RUSSIA'S foreign minister Sergei Lavrov will visit India for a two-day visit beginning on Thursday (31), officials said.

He is likely to press New Delhi to resist Western pressure to condemn the Ukraine invasion.

India has abstained from UN resolutions censuring Russia and continues to buy Russian oil and other goods.

Lavrov's trip coincides with visits by British foreign secretary Liz Truss and Daleep Singh, Washington's chief sanctions strategist.

Truss and Singh, the US deputy national security advisor for international economics, were expected to urge India to assist in Western efforts to isolate Russia economically.

Singh "will consult closely with (Indian) counterparts on the consequences of Russia's unjustified war against Ukraine and mitigating its impact on the global economy," the White House said.

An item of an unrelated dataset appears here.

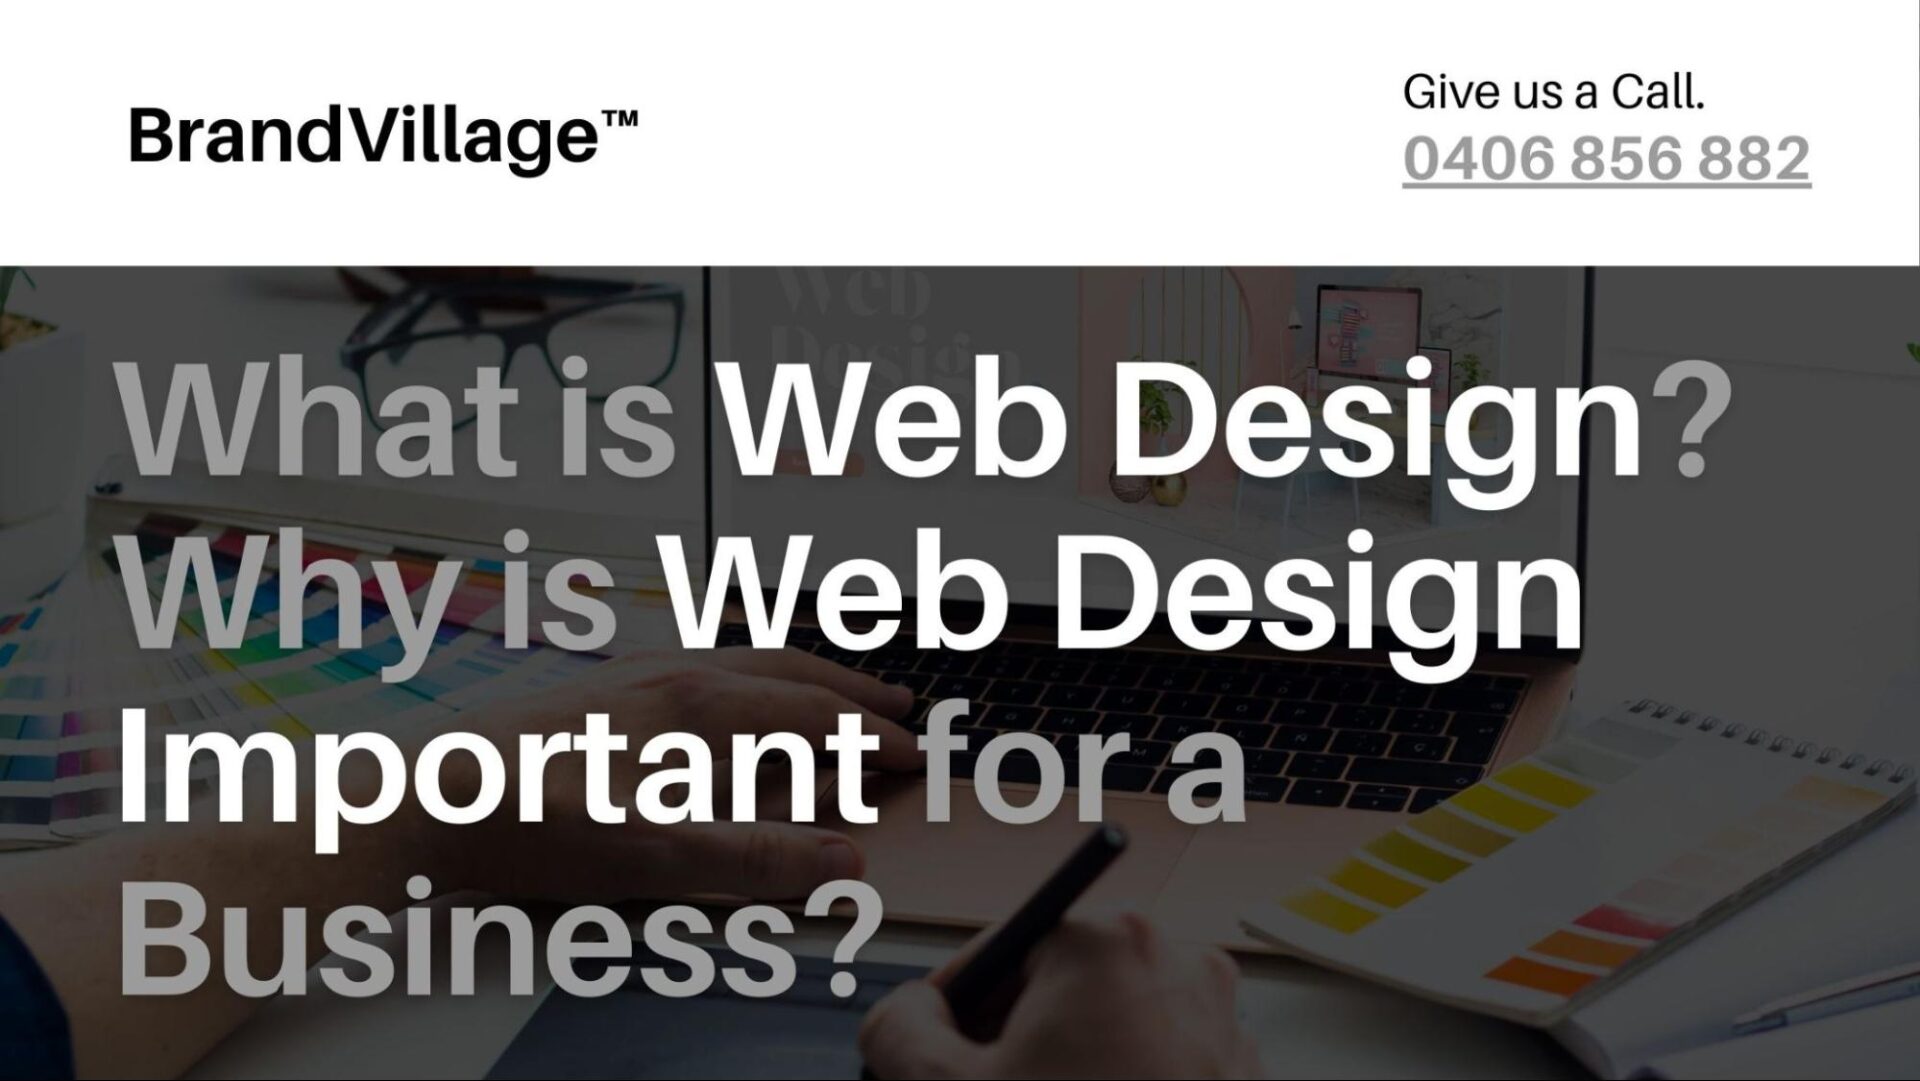 What is Web Design? Why is Web Design Important for a Business?

Lavrov was due to arrive in India from China, which has also refused to condemn the invasion and has provided a level of diplomatic cover for an increasingly isolated Russia.

In a video released ahead of a meeting with Chinese foreign minister Wang Yi, Lavrov said the world was "living through a very serious stage in the history of international relations".

At the end of this reshaping of global relations "we, together with you, and with our sympathisers will move towards a multipolar, just, democratic world order", Lavrov said.

India has been buying up discounted Russian oil and is working with Moscow on a rupee-rouble trade mechanism to facilitate trade, according to media reports.

A team from Russia's central bank is in India this week to discuss payment mechanisms, the Hindu daily reported.

"When the highest god of the West, US President Joe Biden, has already said that India is shaky on Russia and we have ignored it already, why should we be worried about the way some in the West see this visit?" New Delhi-based Russia expert Nandan Unnikrishnan from the Observer Research Foundation said.

"We should look at everything from the prism of our own national interests. The Western perspectives won't determine our national interests."